- _WORK REQUIRED_
Repeat the listing that follows exactly. Pictures are not part of the copy.
Start of PROVIDED DATA
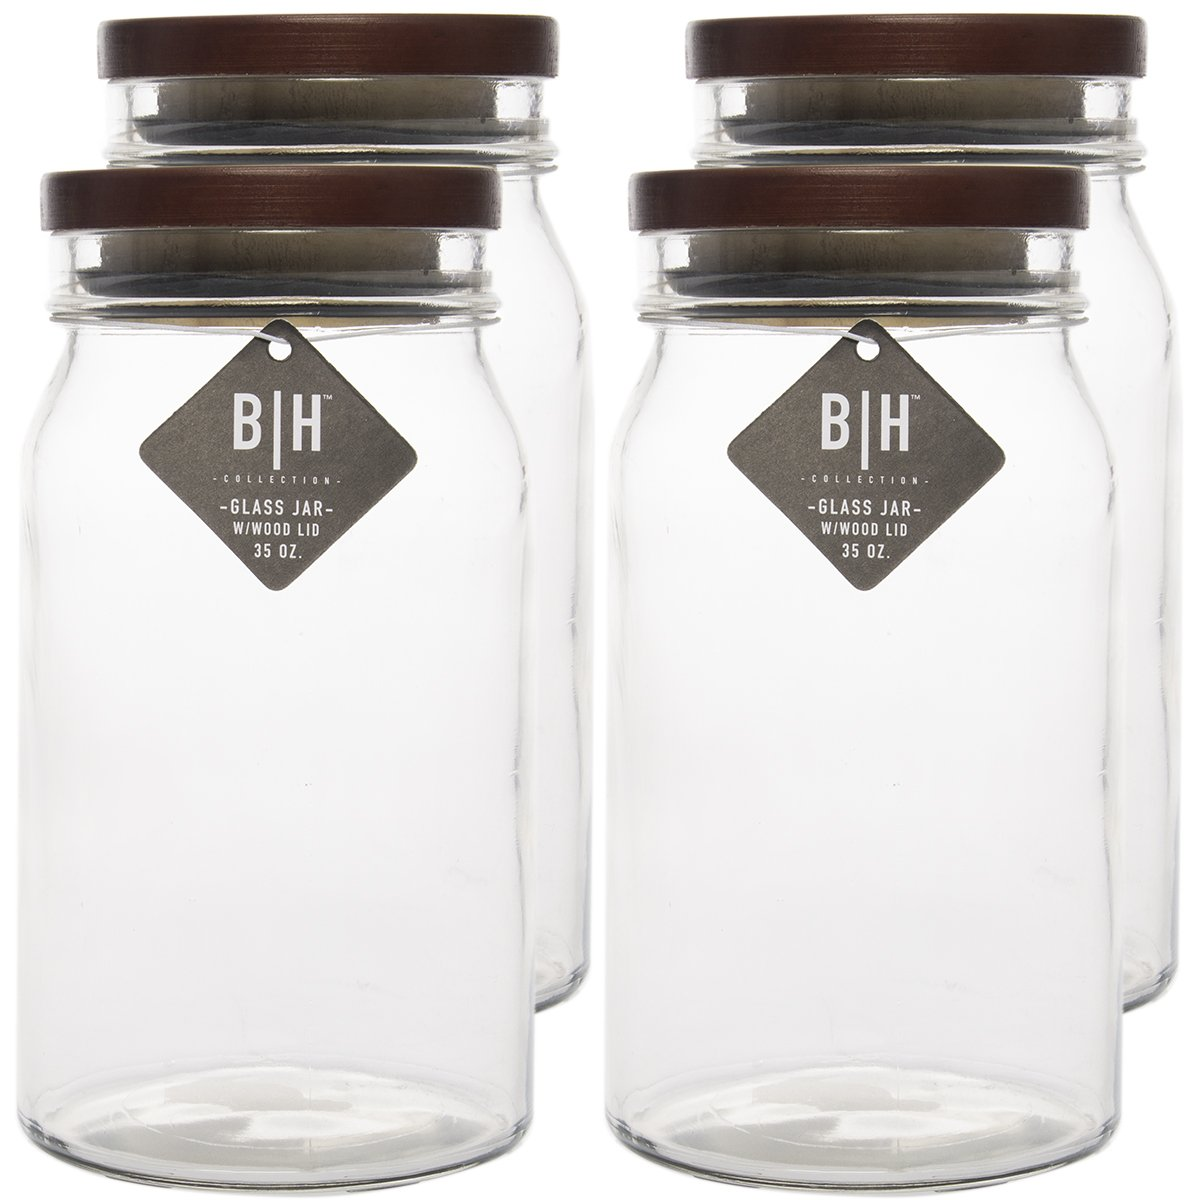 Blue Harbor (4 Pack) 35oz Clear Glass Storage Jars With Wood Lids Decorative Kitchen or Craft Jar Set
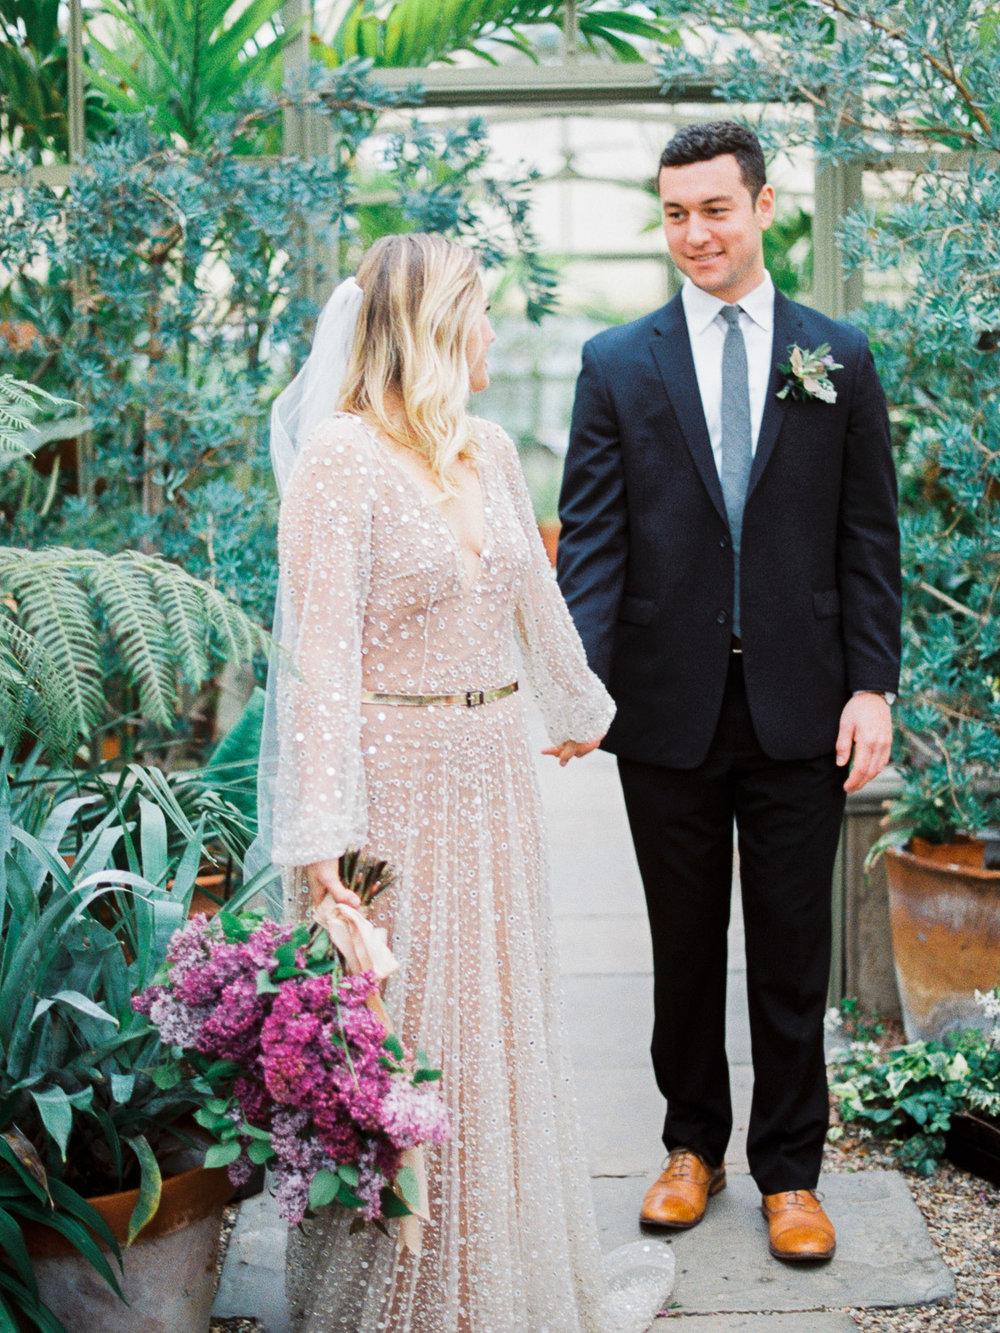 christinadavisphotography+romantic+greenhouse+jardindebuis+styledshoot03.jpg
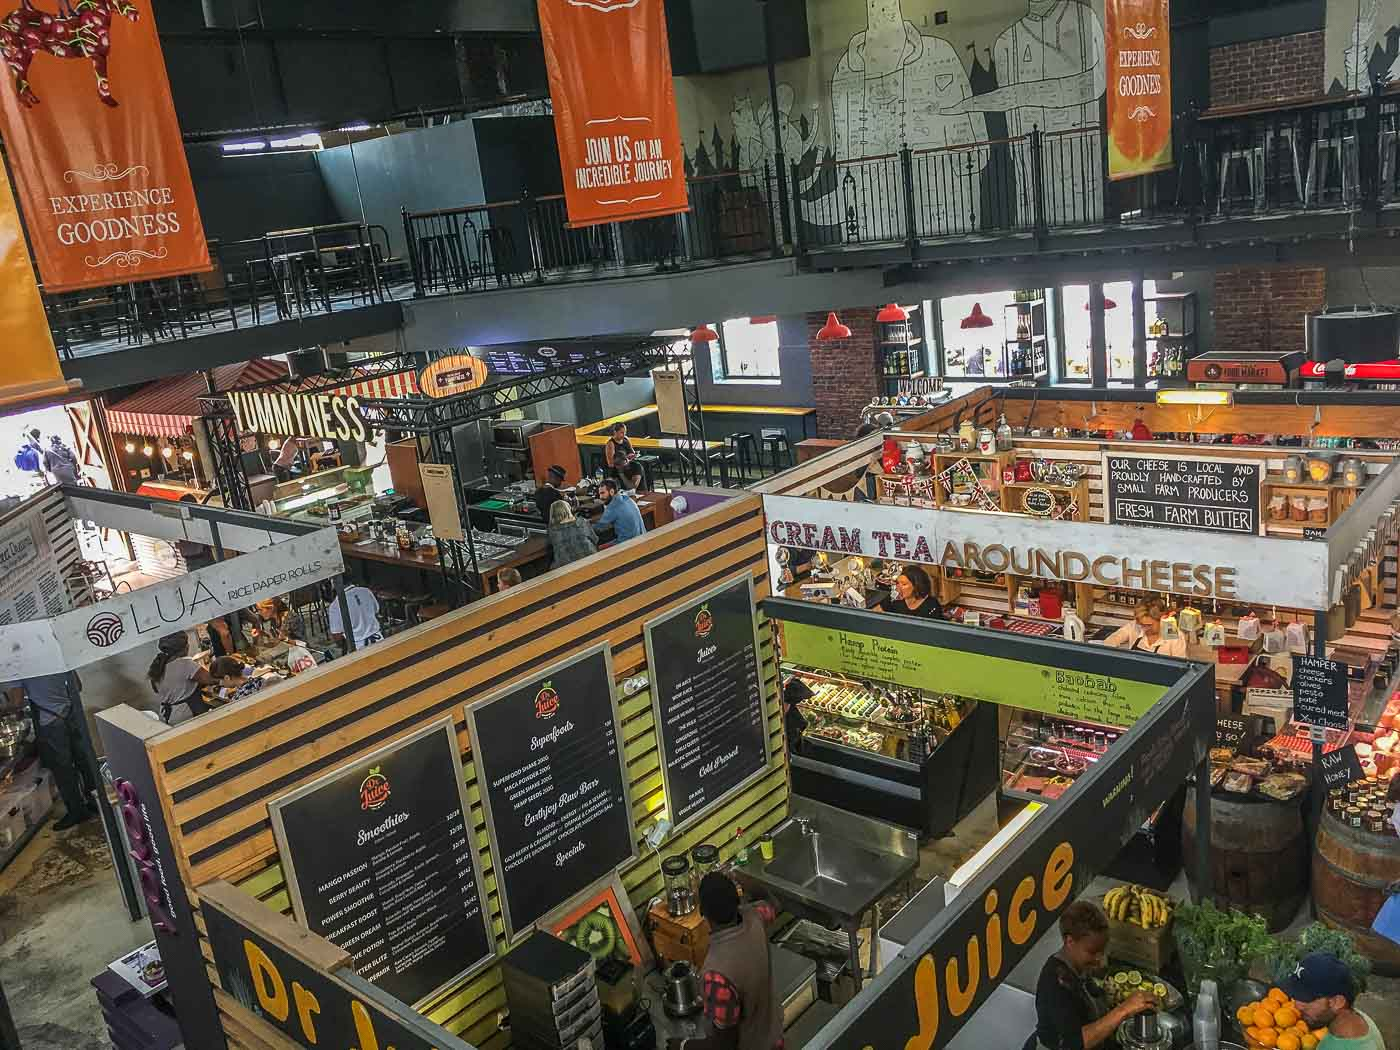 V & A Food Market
End of PROVIDED DATA
- _EXERCISE OUTPUT_
 Blue Harbor (4 Pack) 35oz Clear Glass Storage Jars With Wood Lids Decorative Kitchen or Craft Jar Set
 christinadavisphotography+romantic+greenhouse+jardindebuis+styledshoot03.jpg
 V & A Food Market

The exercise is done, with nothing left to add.